# New tank help



## chrisfjr83 (Jan 8, 2009)

I am getting ready to setup a new tank and trying to learn a little bit about these fish. i like the looks of them and I also understand what type of water that they like but I am wanting to know if a planted Cichlid tank is a good idea or should I go more rocky? It is going to be a 60 gal tank so a pretty good sized tank for some smaller Cichlid.

i current have a 20 gallon setup that I raising mollies and platies in that are going to be feeder fish since they keep reproducing like crazy and I have a few plants in there and I just like the look of the planted tank better. Any suggestion would be great. Thanks!


----------



## StripesAndFins (Dec 31, 2008)

how tall is your tank? If it is over 18 inches tall, then you can have angels and discus. i am also pretty sure you could you could get 1 Oscar. You could go with almost any cichlid you wanted. What are you interested in? This would help in picking the best cichlid for you.

Hope this helps


----------



## chrisfjr83 (Jan 8, 2009)

I am also torn as to what kind of substrate to use on Cichlids. I know that there is Cichlid substrate and there is plant substrate.
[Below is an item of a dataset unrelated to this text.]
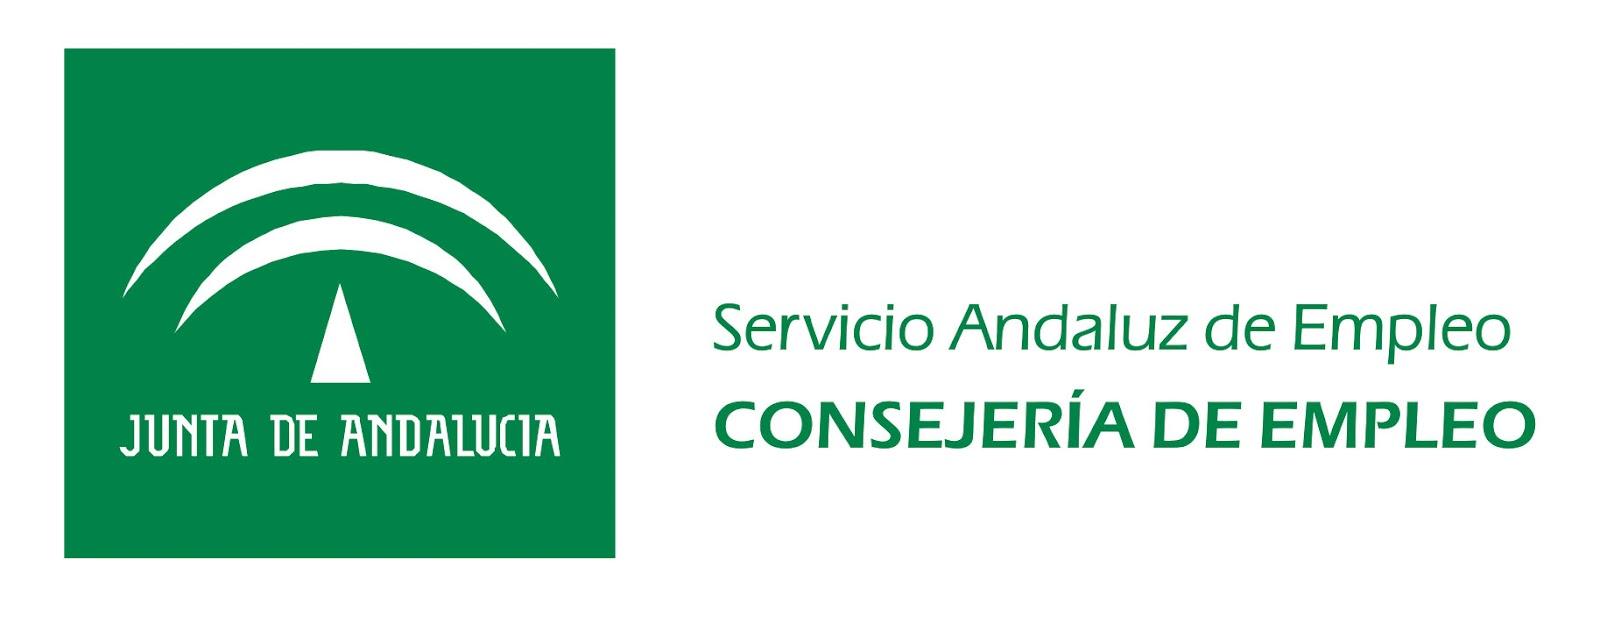 ICONO SERVICIO ANDALUZ DE EMPLEO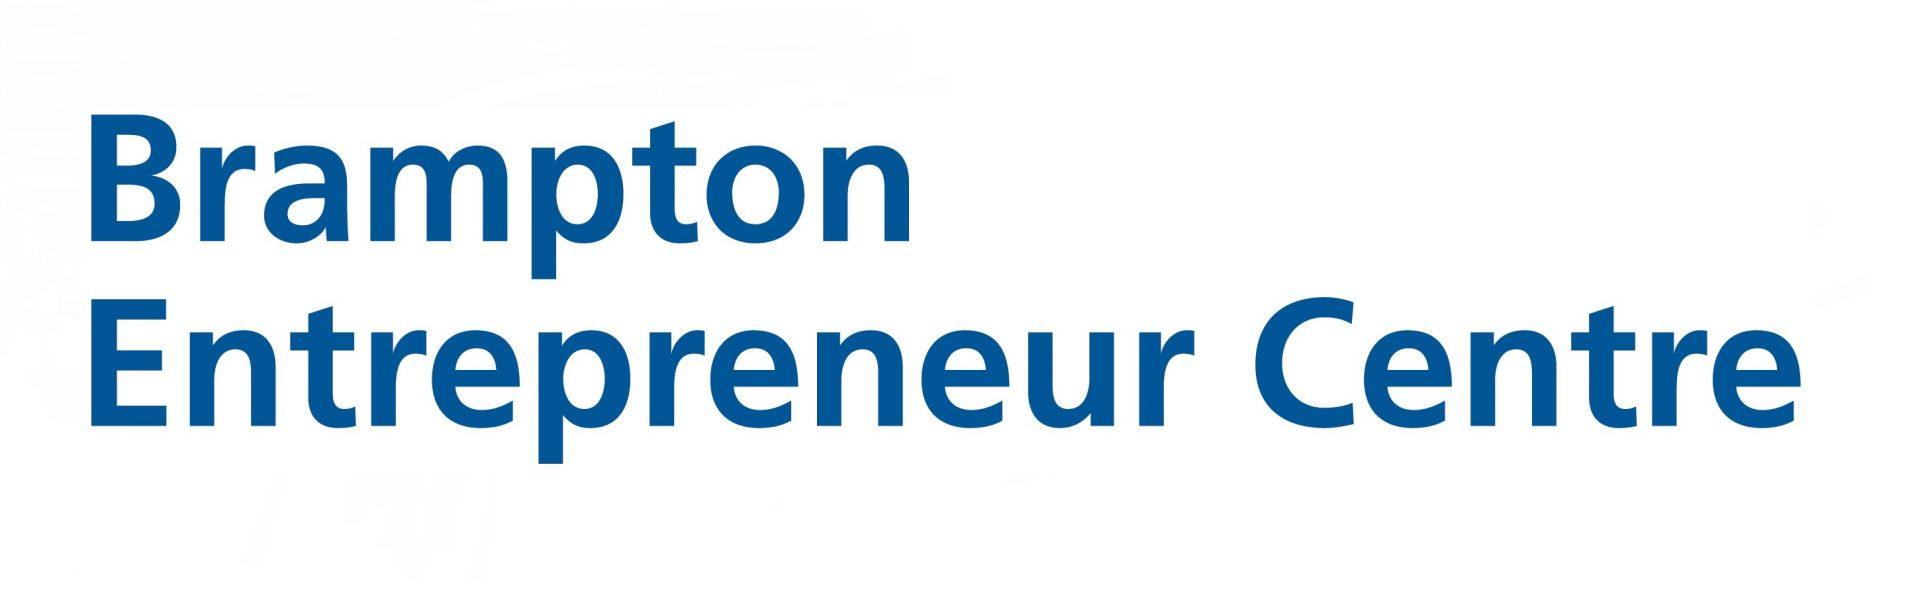 Brampton Entrepreneur Centre sponsor for Monster Artist Development program

Is there one that can be used for both types of fish?


----------



## chrisfjr83 (Jan 8, 2009)

As to what kind I am not really sure at this time. I am wanting to get some thing that is going to be good to use with live plants as well. I know they are more of a rocky not so much vegetation but is there any that would be good with a planted take. I am wanting to get very colorful fish as well and I know that you can find very colorful cichlids.


----------



## Eraserhead (Feb 1, 2007)

Cichlids tend to like rocks quite a bit. They also like to chew on/rip/destroy plants sometimes, I've never had good luck with it, but I know people who have. If you are just getting in to the cichlid hobby and have a 60g tank, don't waste all that space on an Oscar. I've found that starting out with Africans is pretty fun. Oscars are great fish, but they're super filthy and demanding. Plants can do well in most substrates, though I am not sure how well they thrive in sand- might be too easy to yank out. There is crushed coral which makes a good cichlid substrate (make sure you wash it really well though- makes the water cloudy otherwise). Many places sell substrates specifically for cichlids as well.


----------



## emc7 (Jul 23, 2005)

There are cichlids that do fine in planted tanks. Most of them are south american fish that like soft water. African lake cichlids need hard water and cichlid substrate helps with that. Look at cichlid-forum.com profiles. Look around and see what cichlids are availible to you and we will tell you what they need.

Kribs are good choice for a planted tank.


----------